Das Enfant terrible der argentinischen Politik will außerdem den Waffenbesitz liberalisieren, ist gegen das Recht auf Abtreibung, glaubt nicht an den menschengemachten Klimawandel und schimpft den argentinischen Papst Franziskus einen Kommunisten. Zwar bedient er sich wie der ehemalige US-Präsident Donald Trump und der frühere brasilianische Staatschef Jair Bolsonaro einer Anti-System-Rhetorik, allerdings verzichtet er im Gegensatz zu seinen Vorbildern auf rechtsradikale Ausfälle und befürwortet etwa die gleichgeschlechtliche Ehe.

Seine künftige Vizepräsidentin Victoria Villarruel hingegen bedient das konservative Klientel, pflegt Kontakte zu rechten Gruppierungen auf der ganzen Welt und provoziert immer wieder mit Äußerungen über die Militärjunta (1976-1983).

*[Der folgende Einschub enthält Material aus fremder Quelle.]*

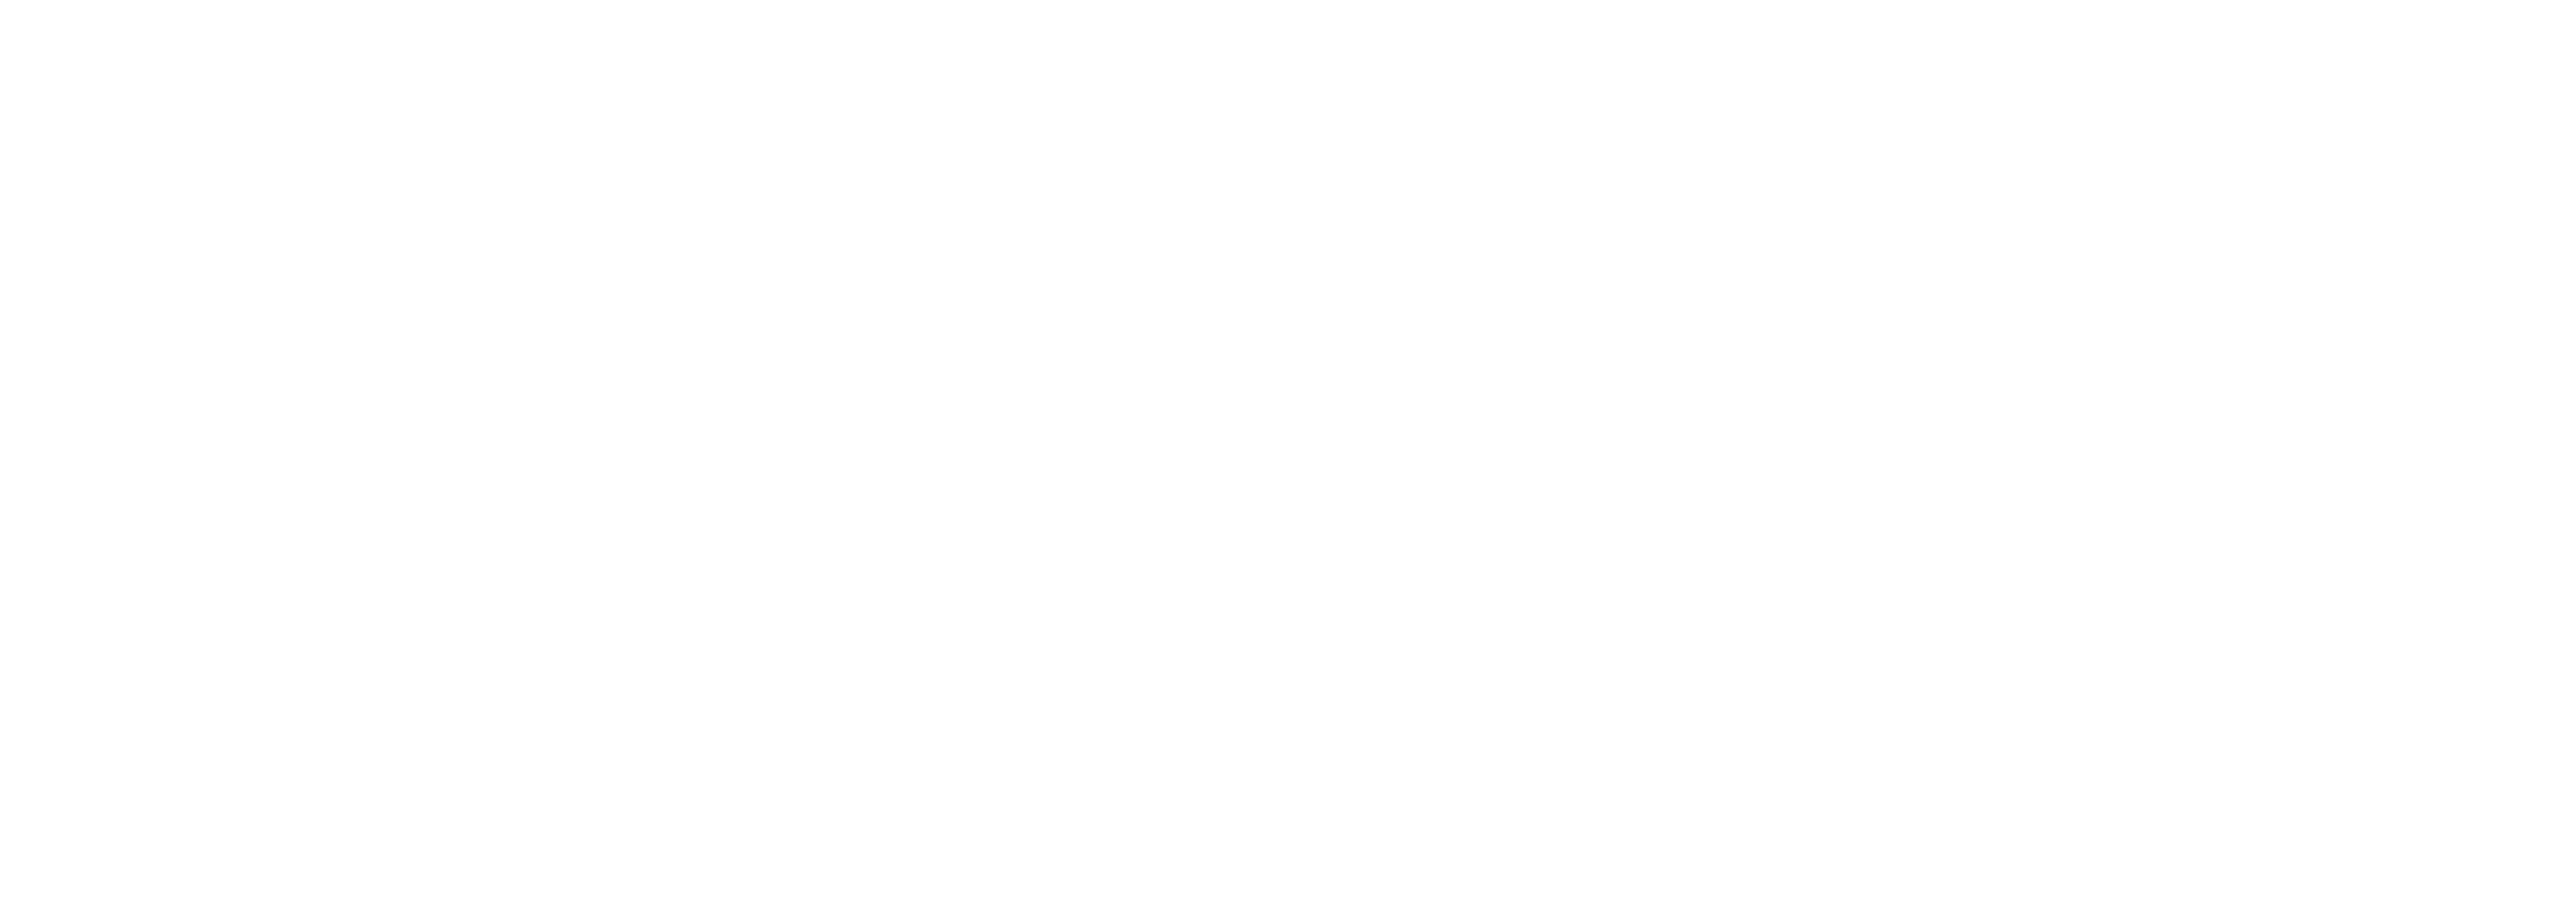 Wrapest

Die Tochter eines Offiziers zieht die von Menschenrechtsorganisationen auf 30.000 geschätzte Zahl der Todesopfer bei Regierungsgegnern, linken Aktivisten, Gewerkschaftern und Studenten während der Diktatur in Zweifel und pocht ihrerseits auf mehr Anerkennung für die Opfer linker Guerillagruppen.

Die zweitgrößte Volkswirtschaft Südamerikas steckt in einer tiefen Wirtschaftskrise. Die Inflationsrate liegt bei über 140 Prozent, rund 40 Prozent der Menschen in dem einst reichen Land leben unterhalb der Armutsgrenze. Argentinien leidet unter einem aufgeblähten Staatsapparat, geringer Produktivität der Industrie und einer großen Schattenwirtschaft, die dem Staat viele Steuereinnahmen entzieht. Die Landeswährung Peso verliert gegenüber dem US-Dollar immer weiter an Wert, der Schuldenberg wächst ständig.